> [RECORDS SHOWN]
* * *
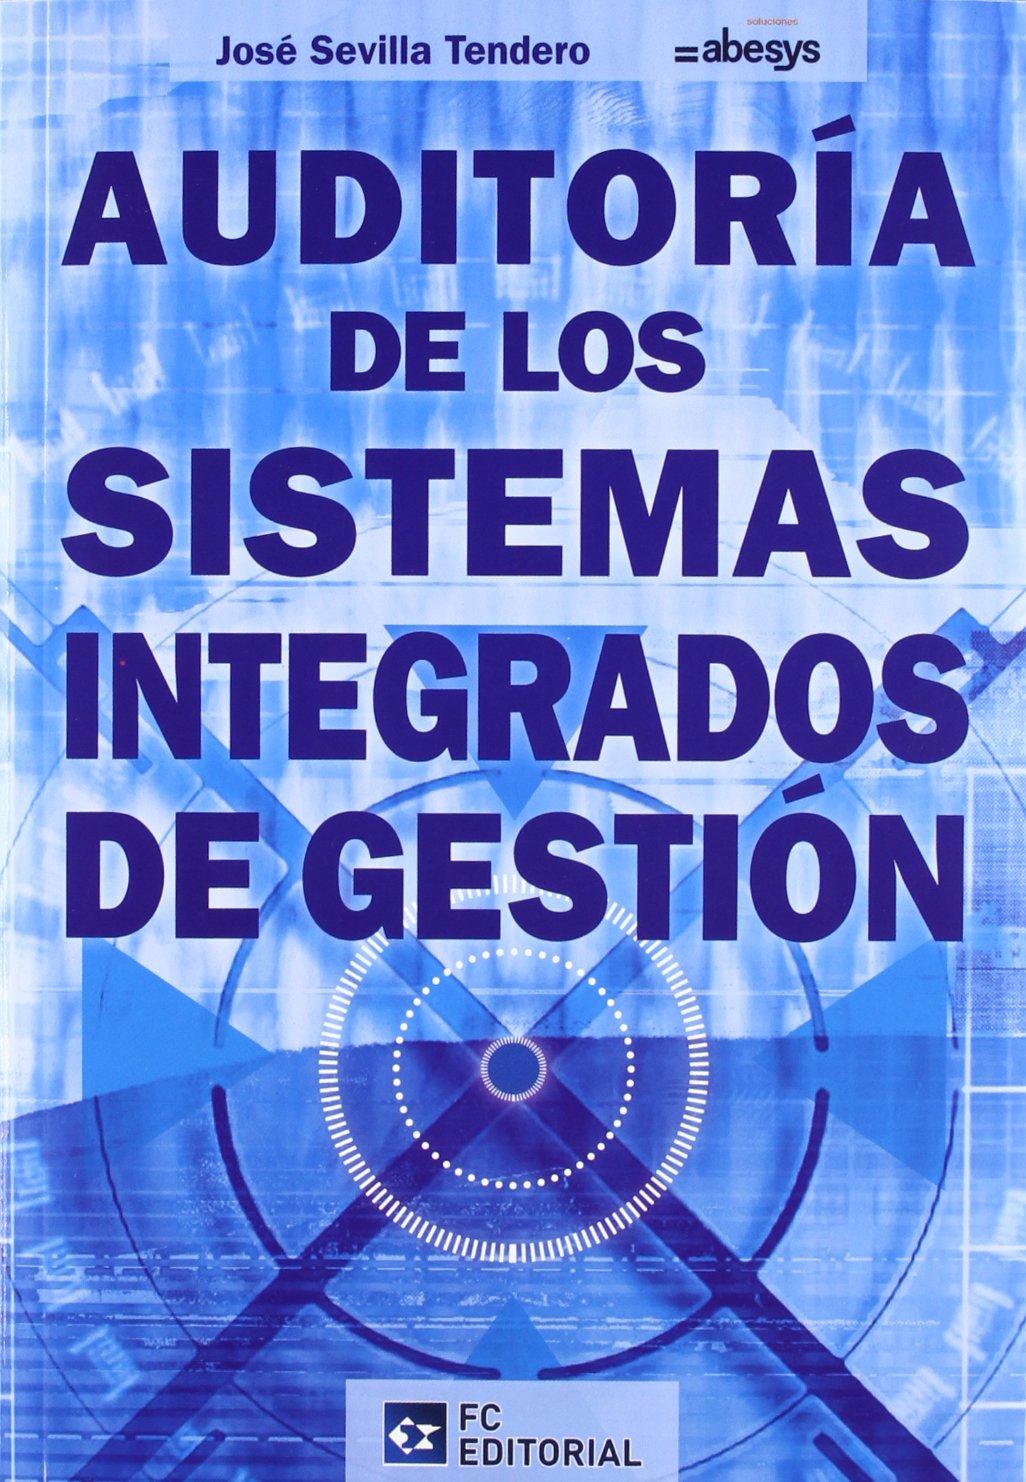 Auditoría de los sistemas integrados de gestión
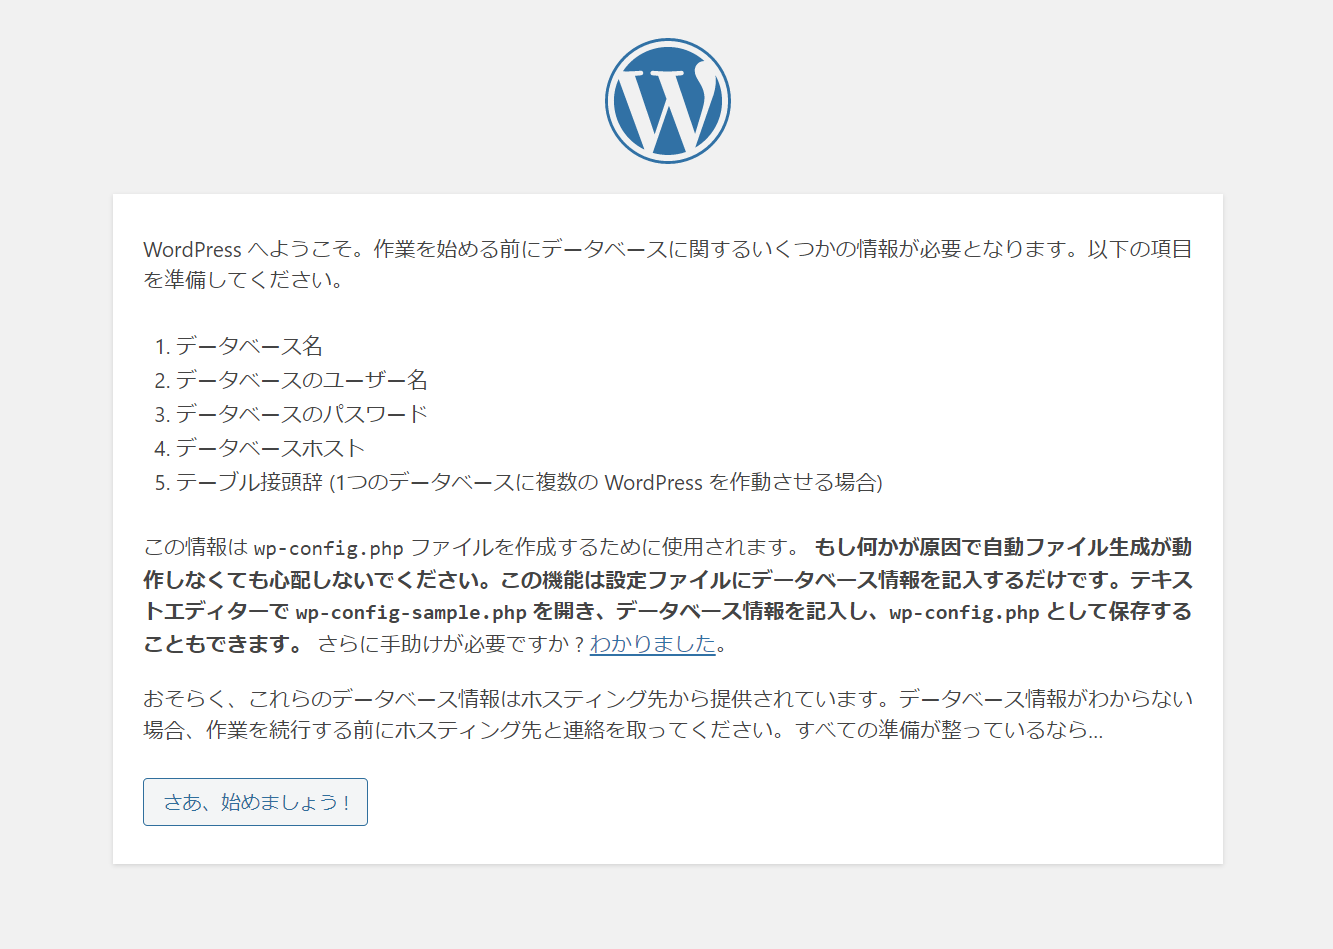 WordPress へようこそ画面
* * *
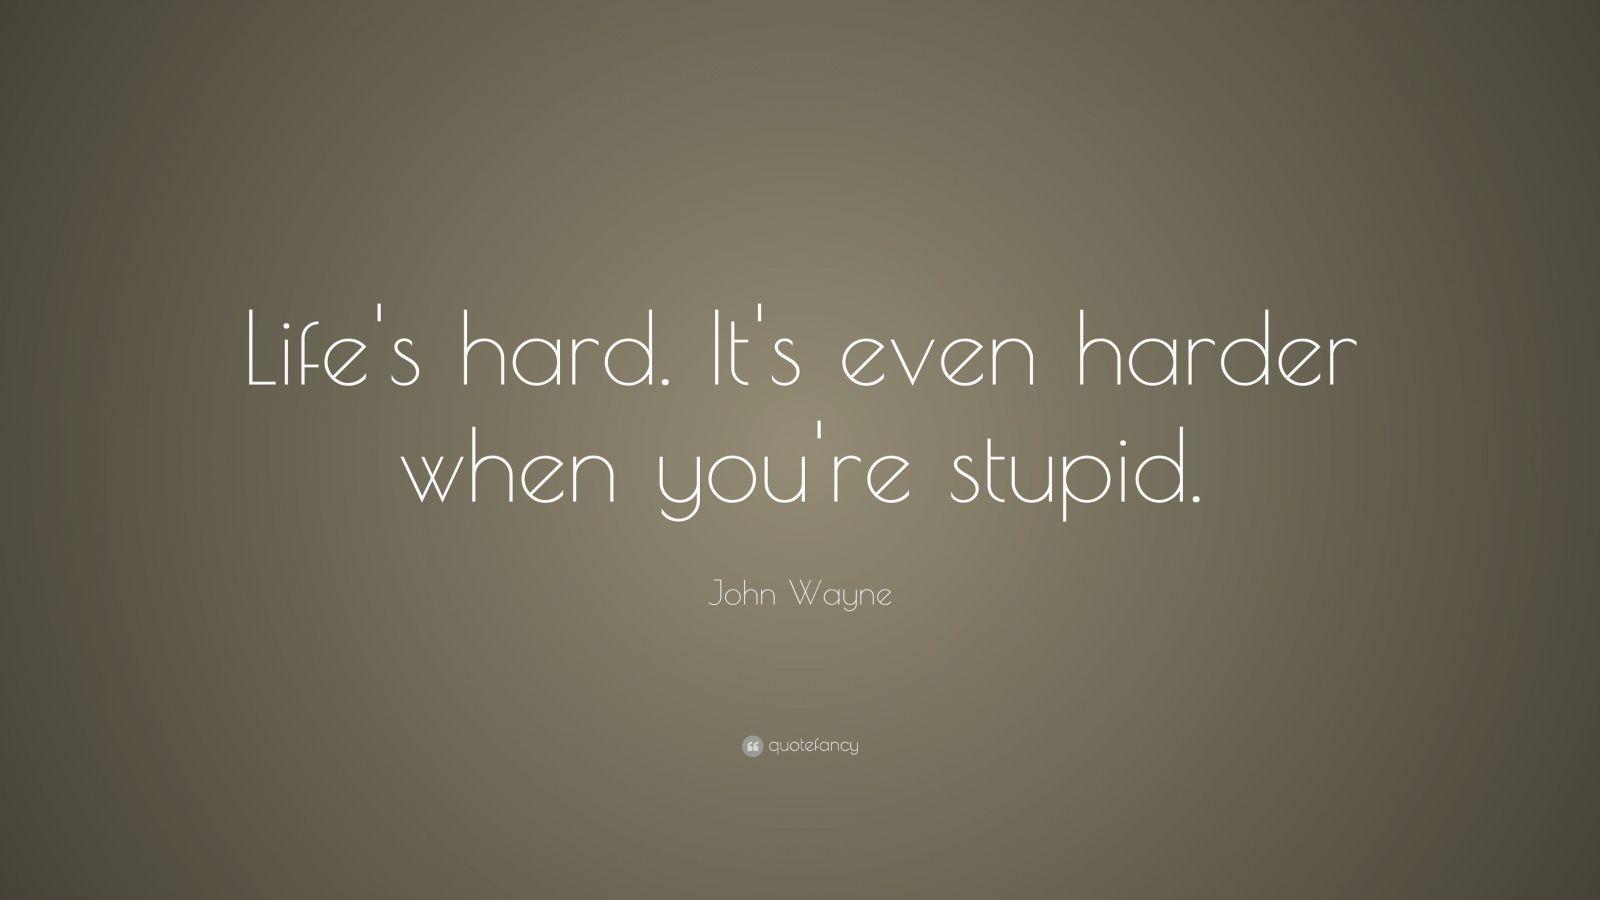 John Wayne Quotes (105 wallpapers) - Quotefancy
* * *
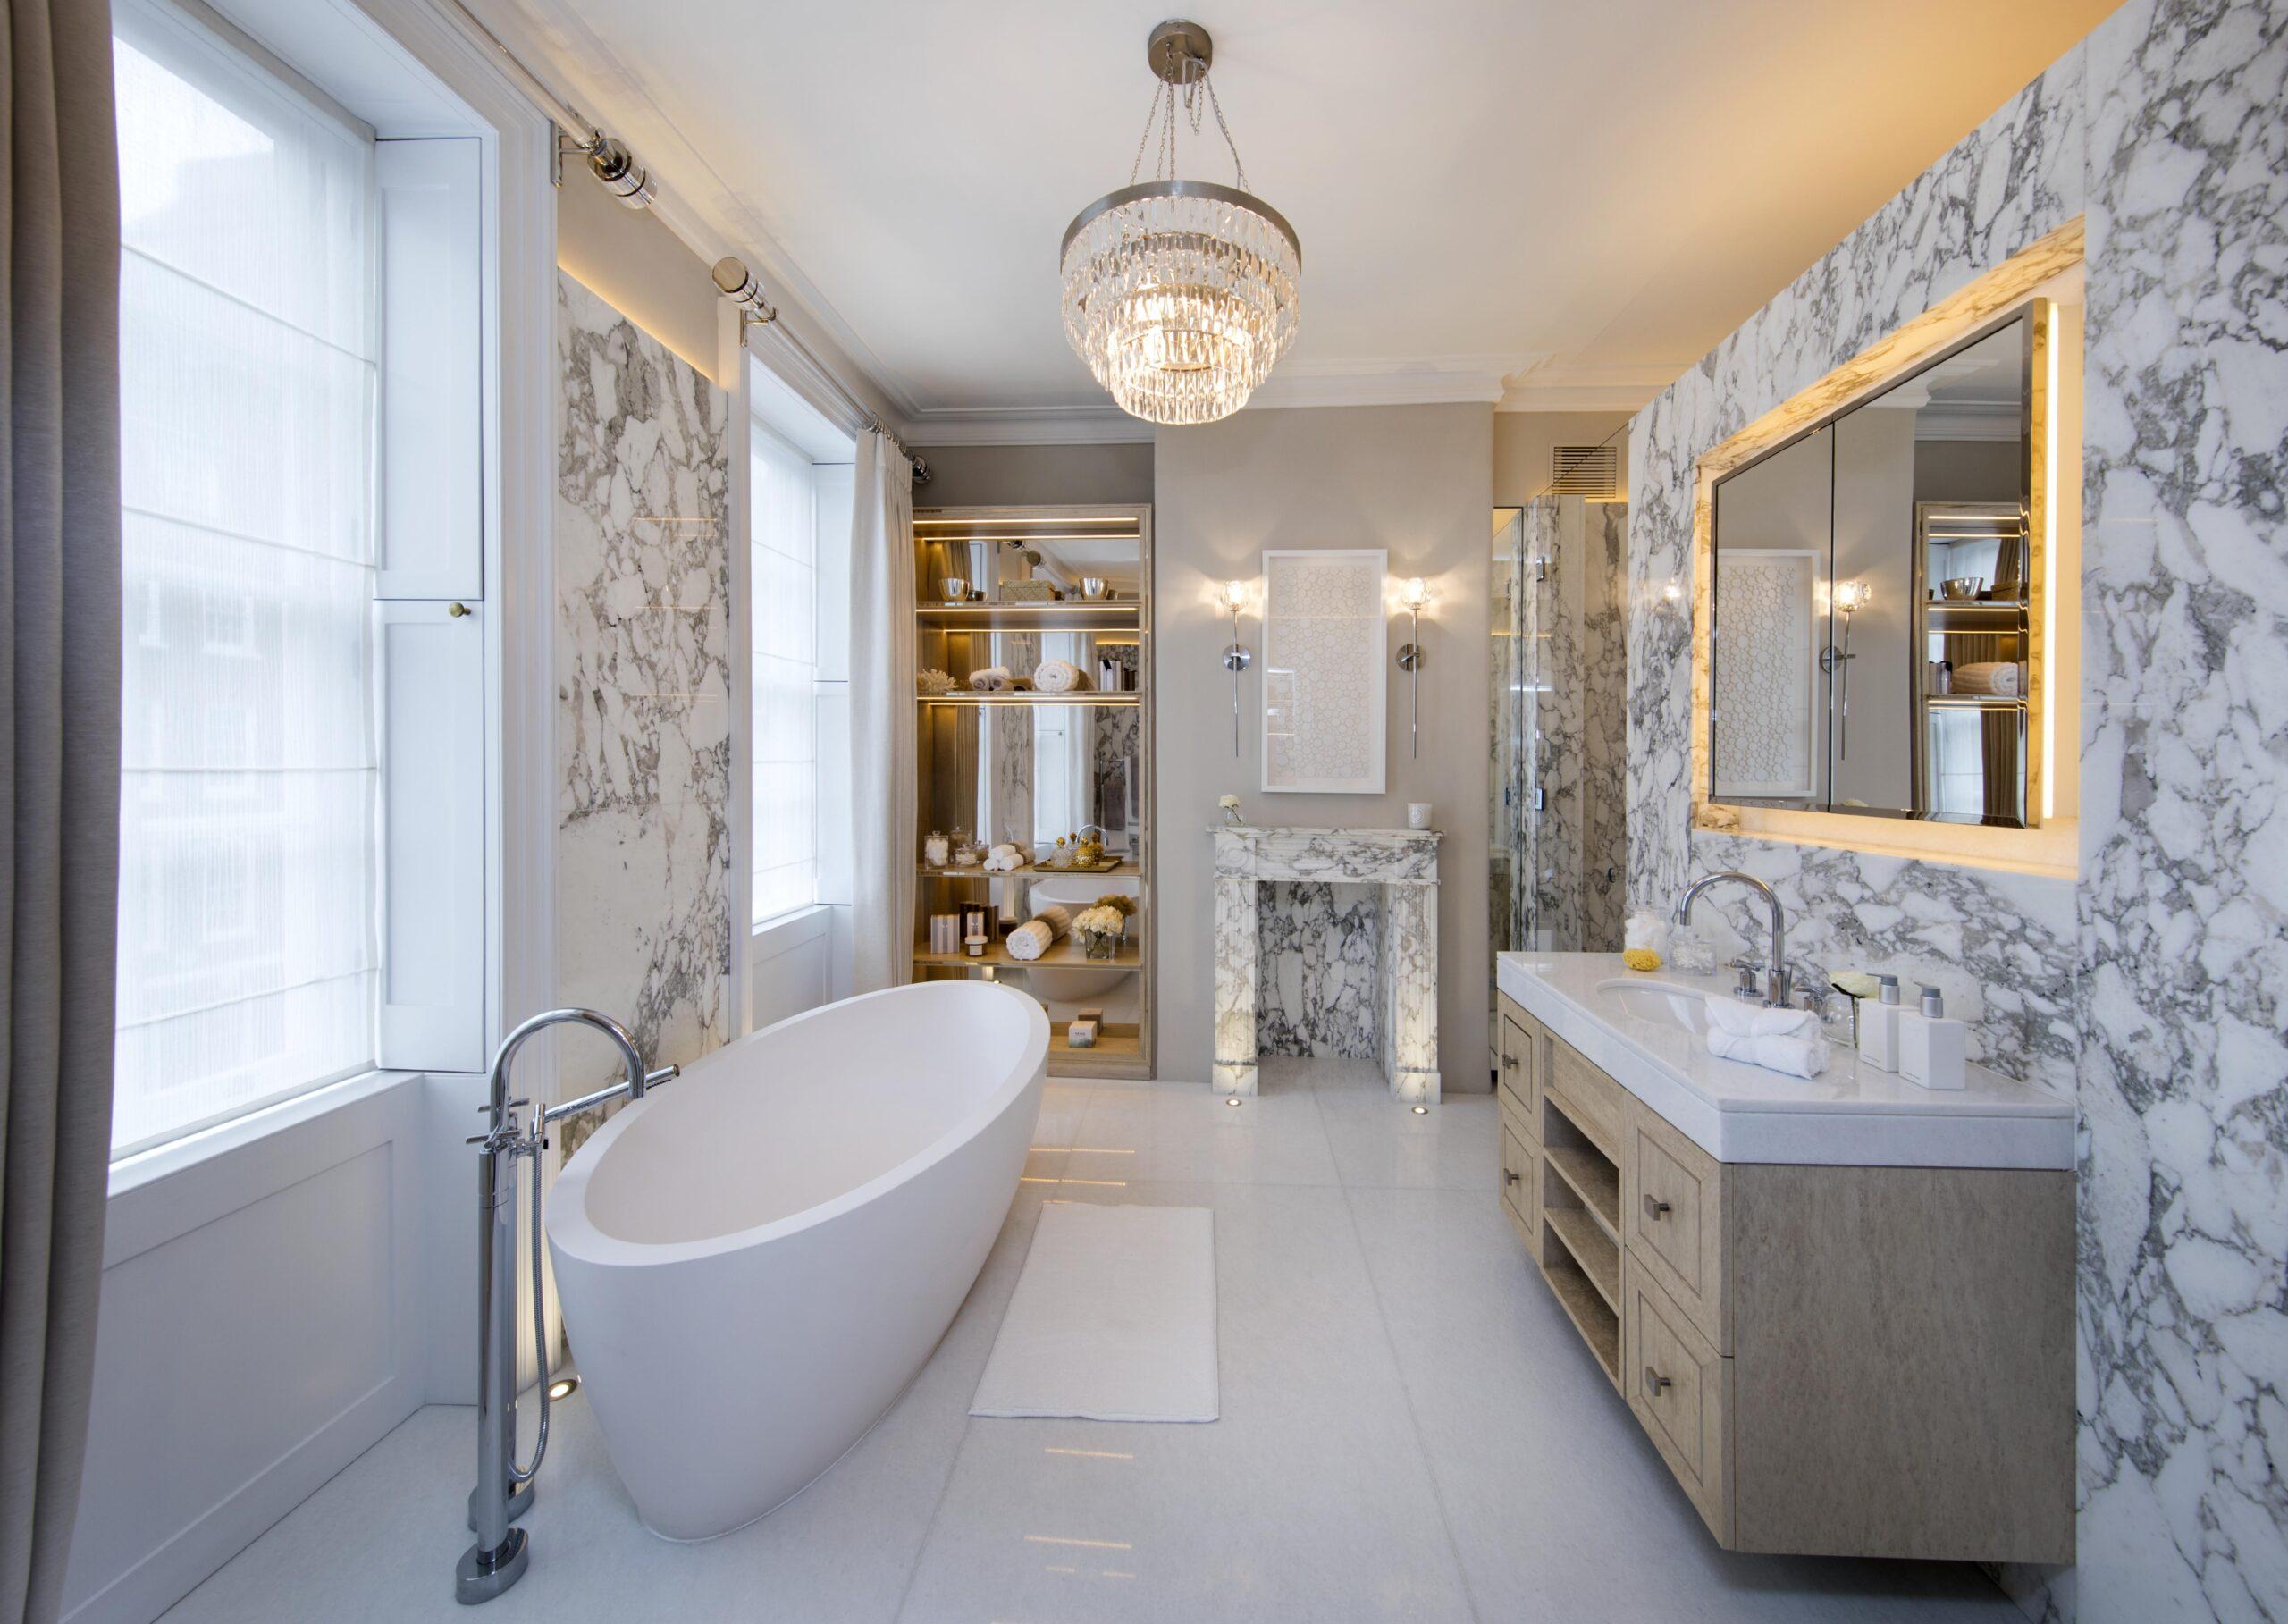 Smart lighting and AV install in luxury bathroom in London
* * *
> [WHAT TO WORK ON]
For this task, return exactly the stretch of the listing above from the line with "Auditoría de los" through the line with "WordPress へようこそ画面", inclusive and without pictures.

> [WRITTEN SOLUTION]
 Auditoría de los sistemas integrados de gestión
 WordPress へようこそ画面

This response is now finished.